------ Data shown ------

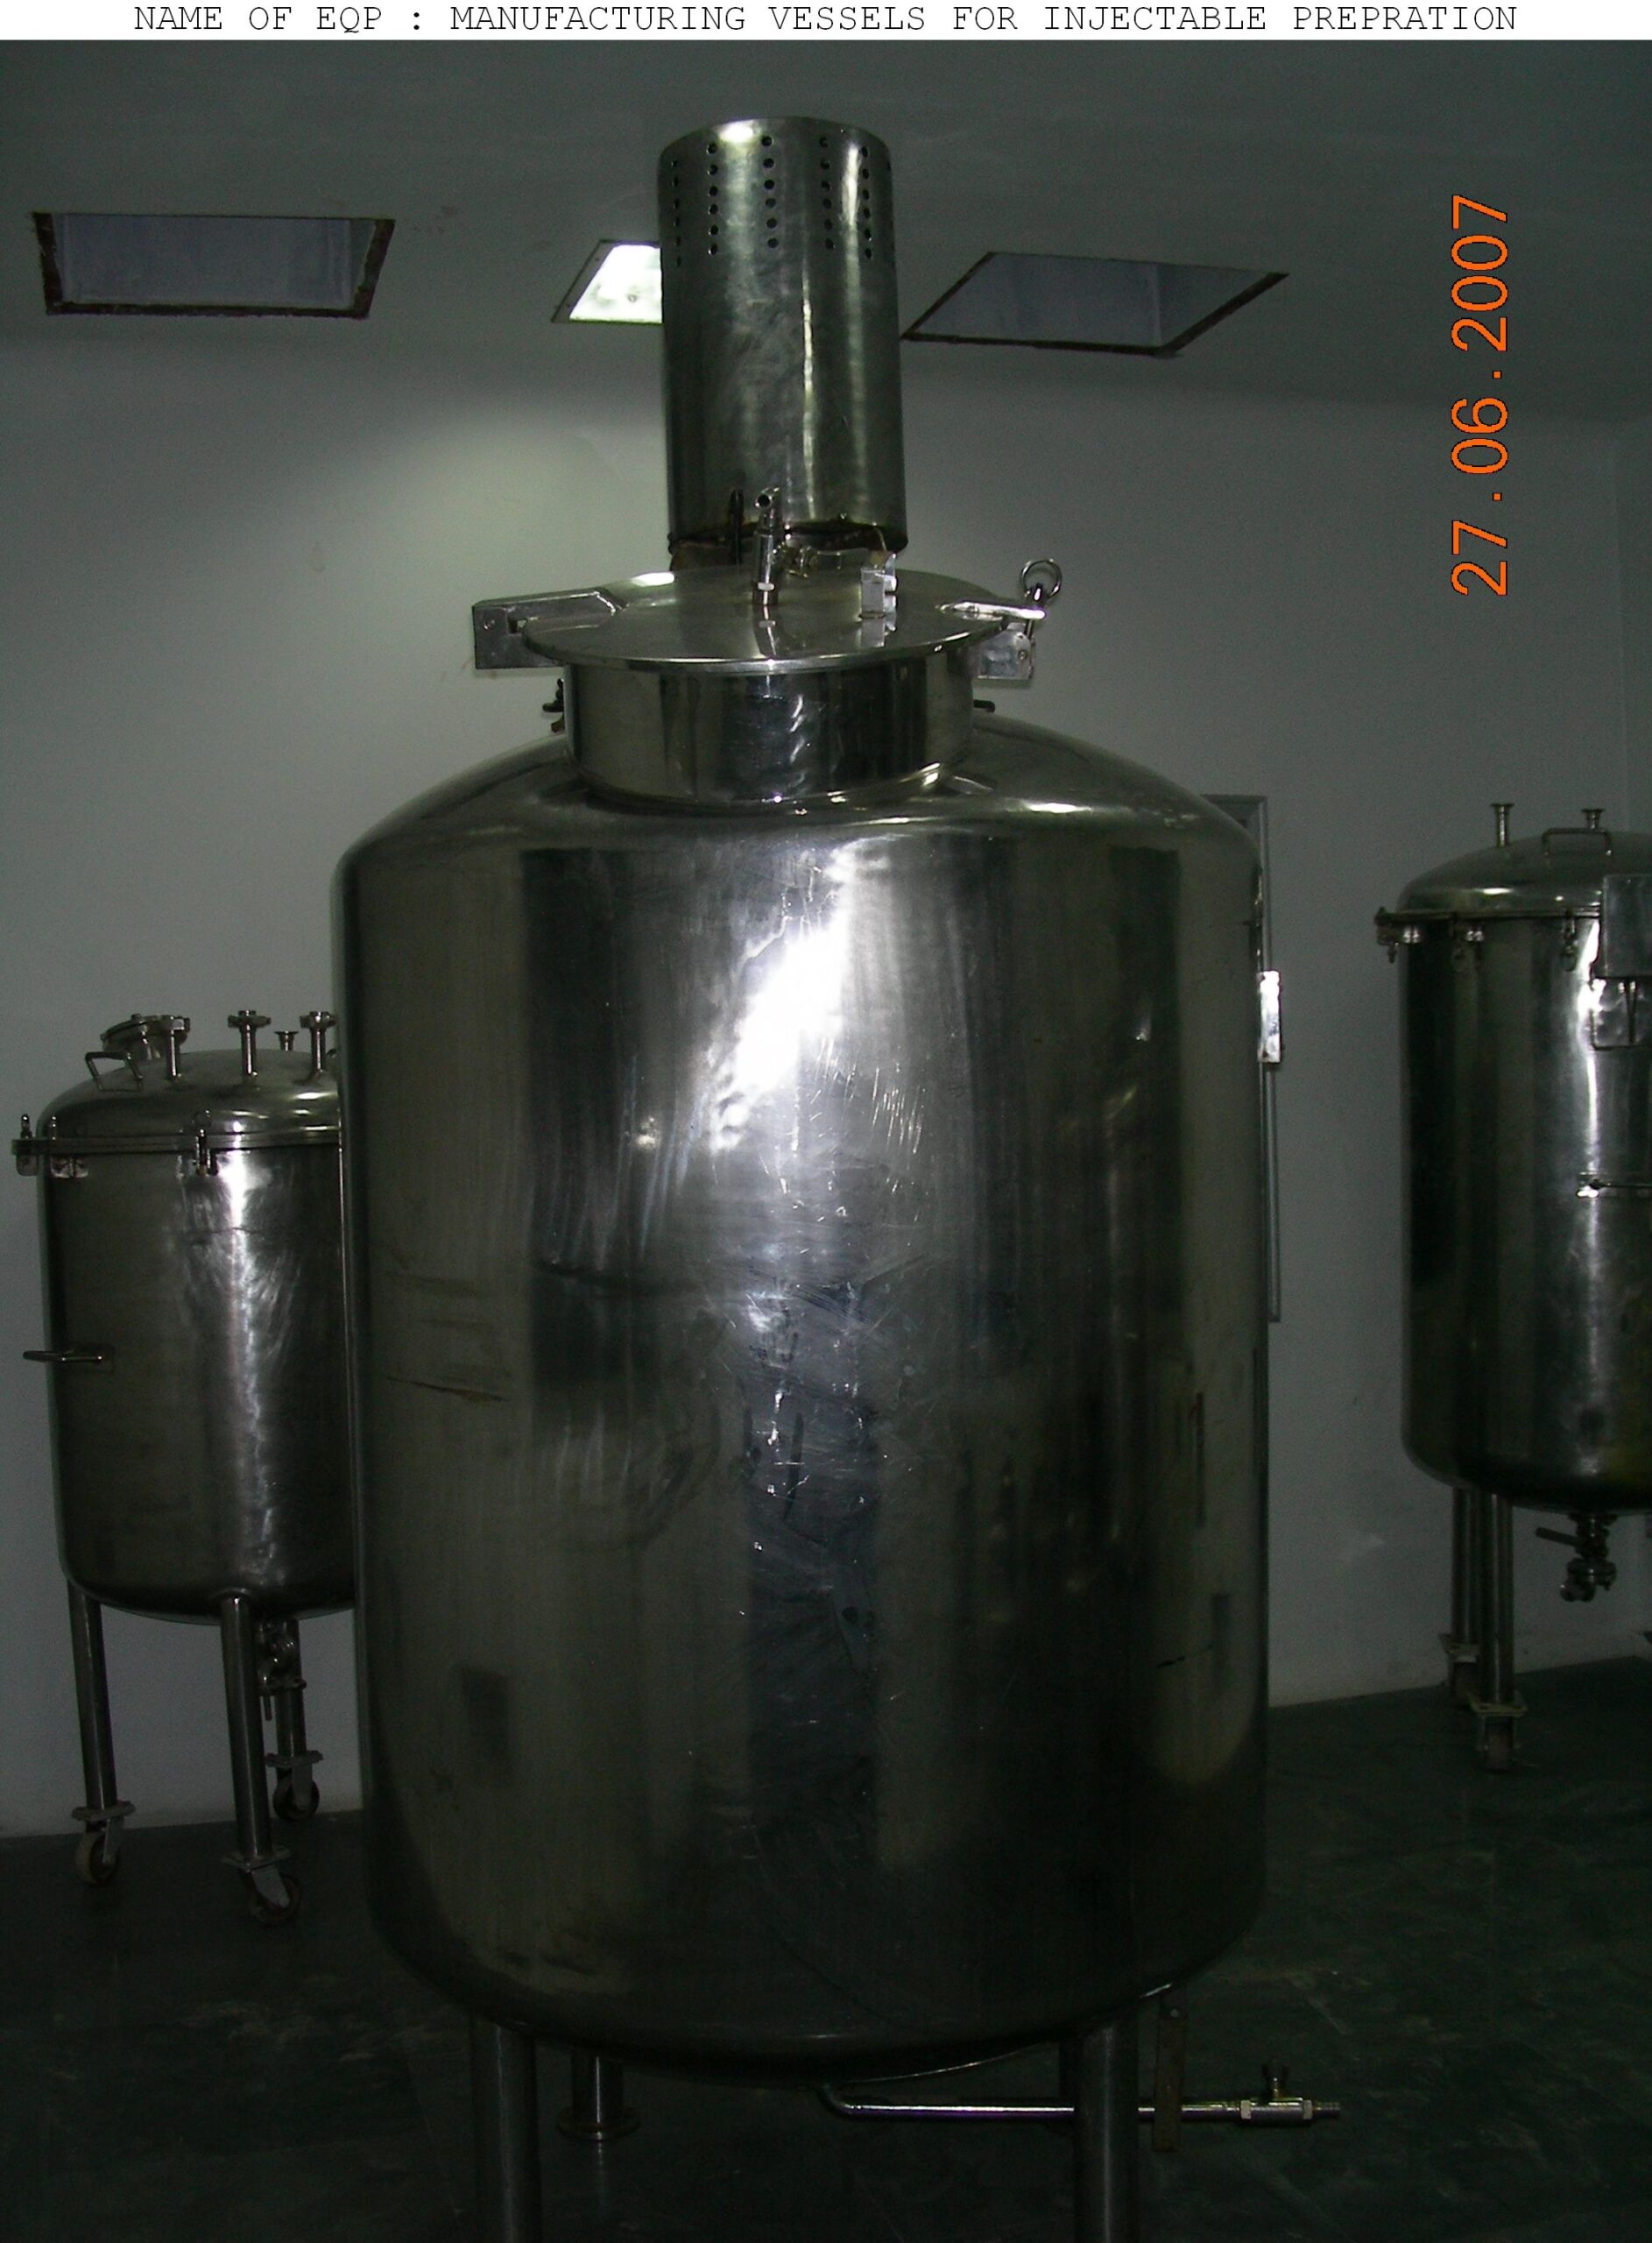 MANUFACTURING VESSELS FOR INJECTABLE PREPRATION
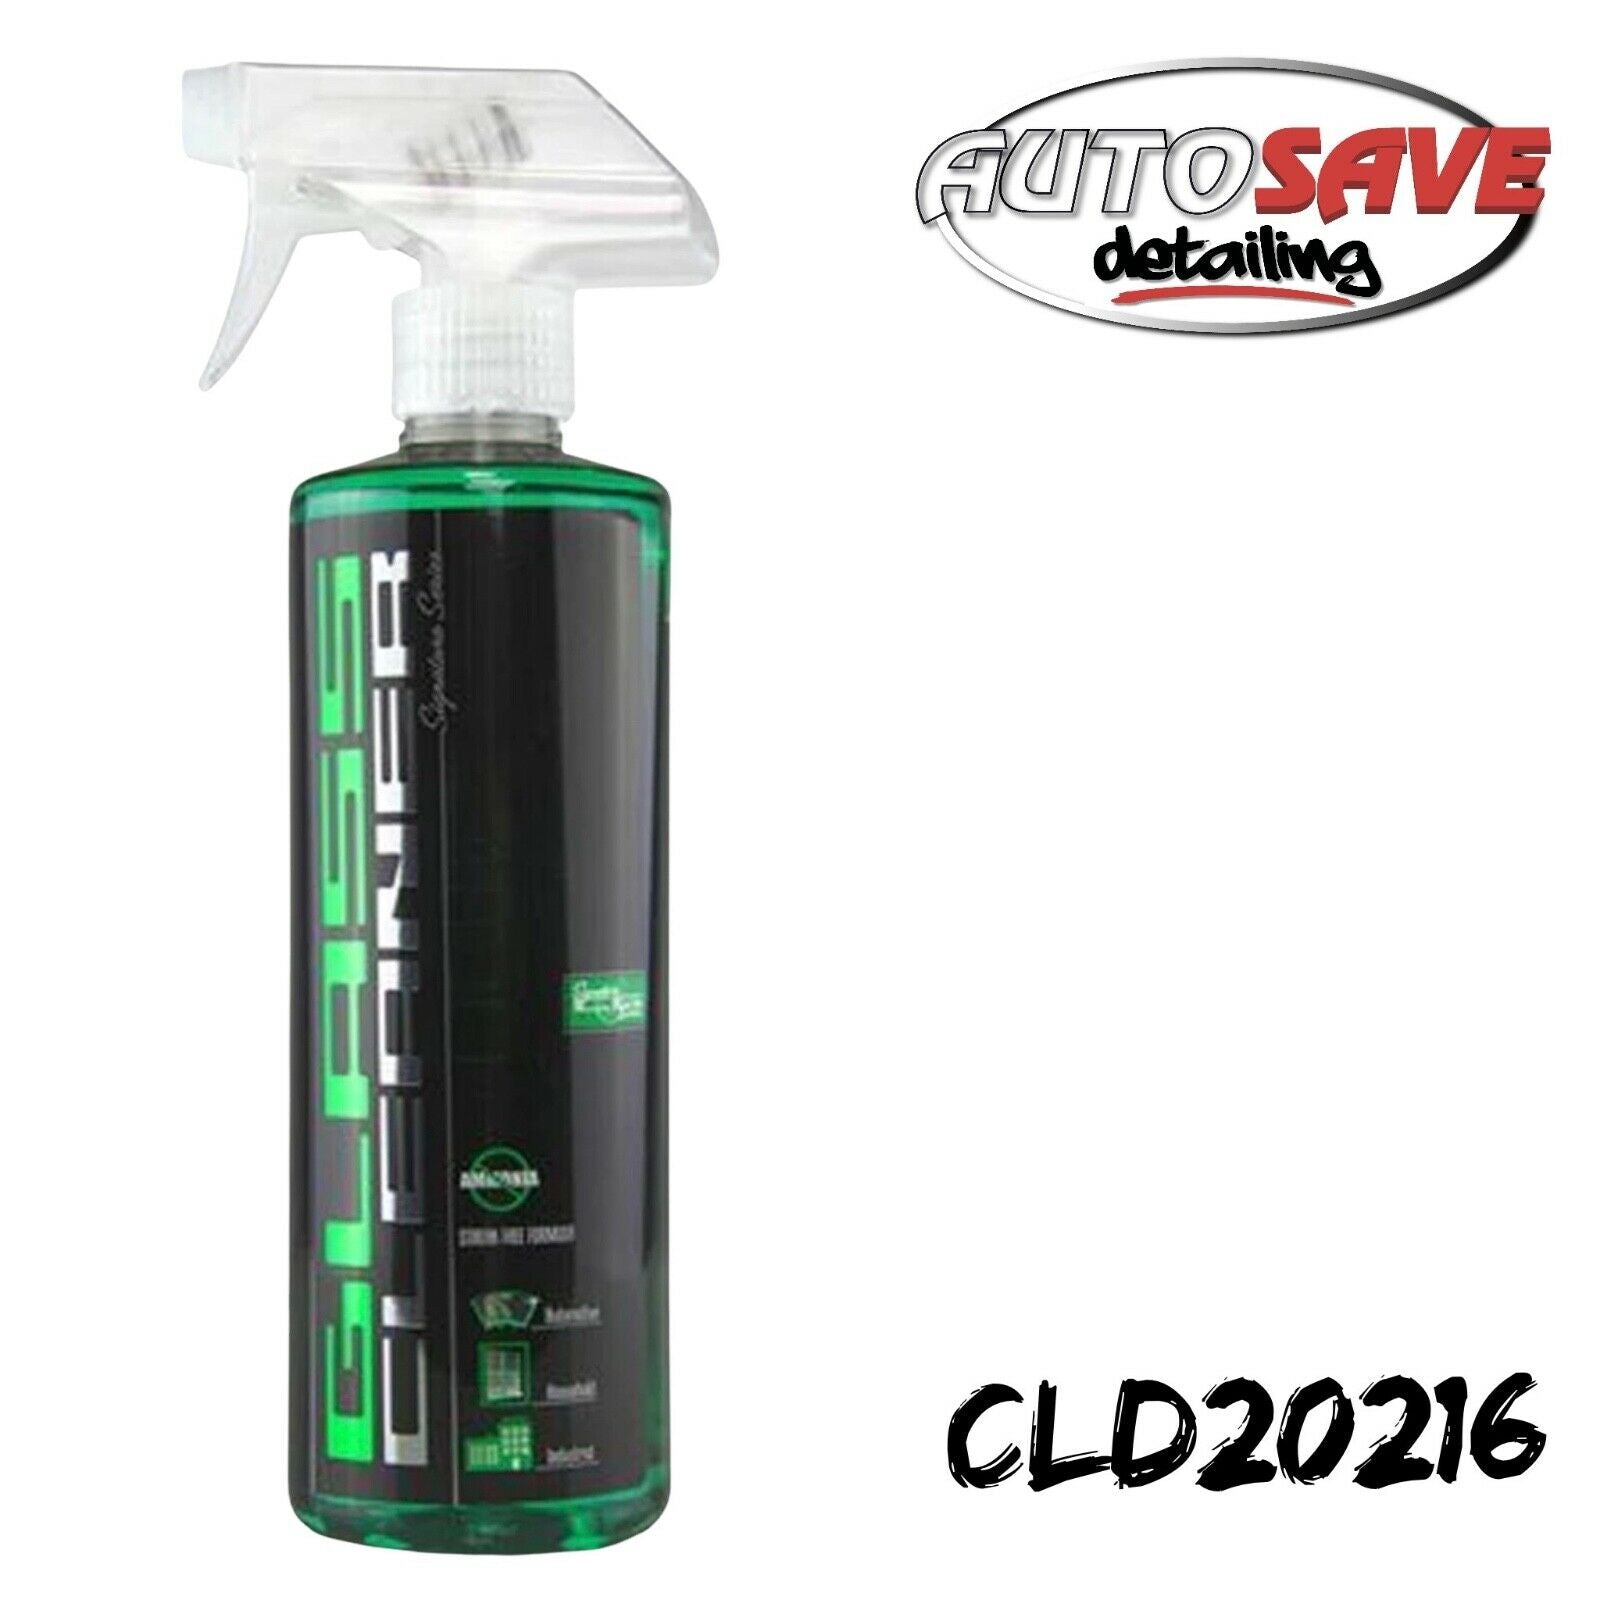 Chemical Guys - CLD20216 - Signature series Glass cleaner
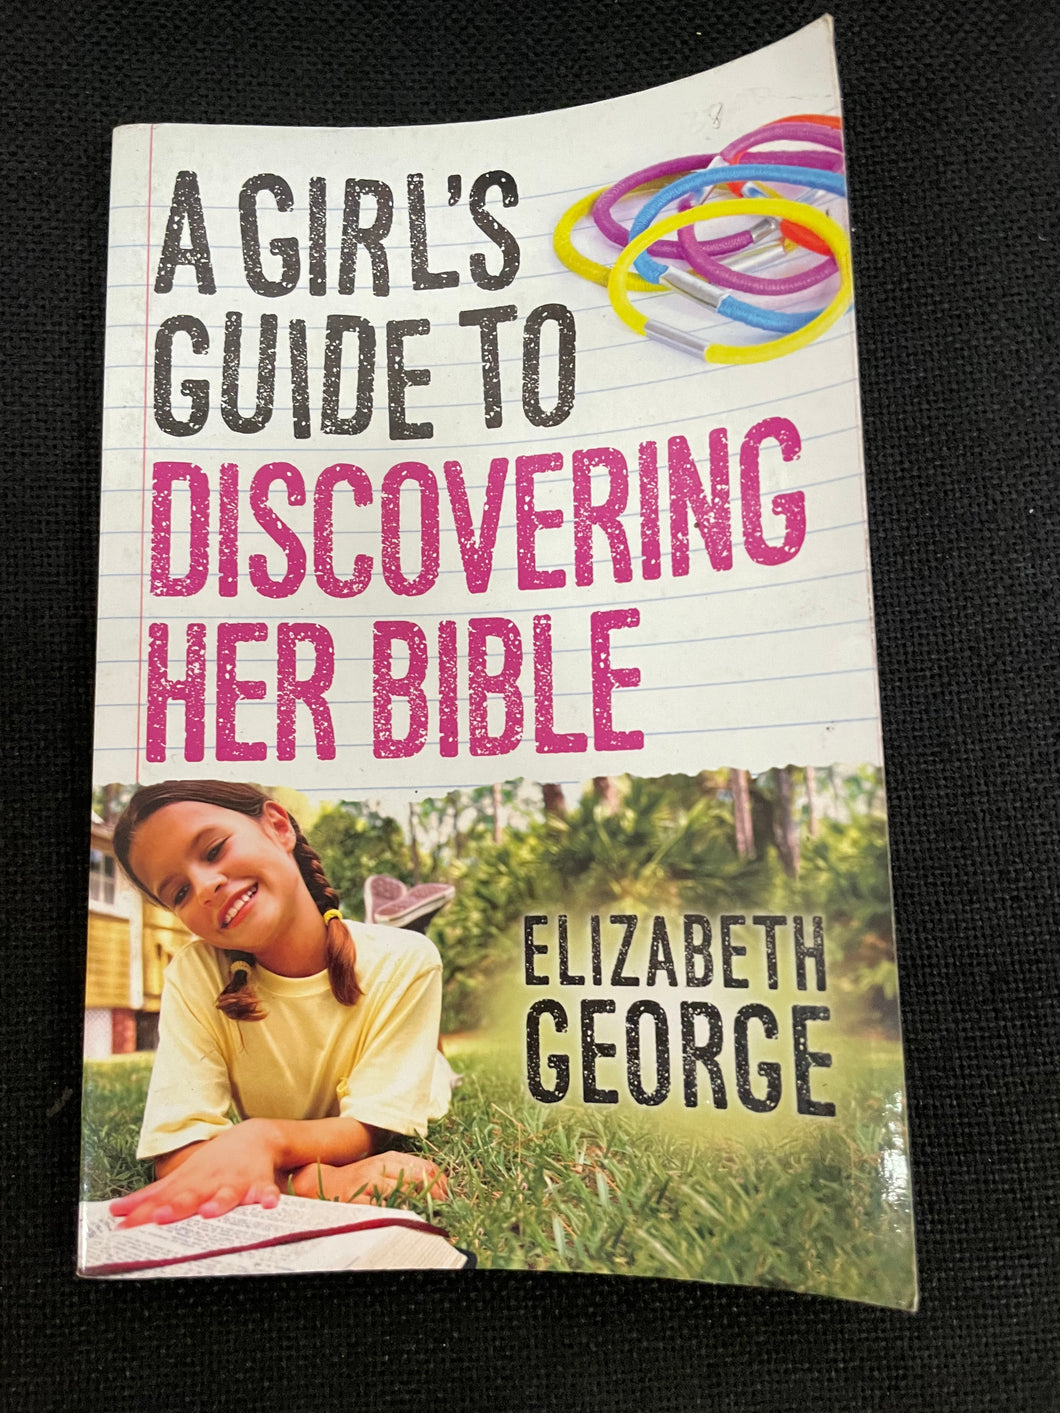 A GIRL’S GUIDE TO DISCOVERING HER BIBLE

------

= What you should do =
Pictures stay out; print everything else in the data exactly.

= Final answer =
 MANUFACTURING VESSELS FOR INJECTABLE PREPRATION
 Chemical Guys - CLD20216 - Signature series Glass cleaner
 A GIRL’S GUIDE TO DISCOVERING HER BIBLE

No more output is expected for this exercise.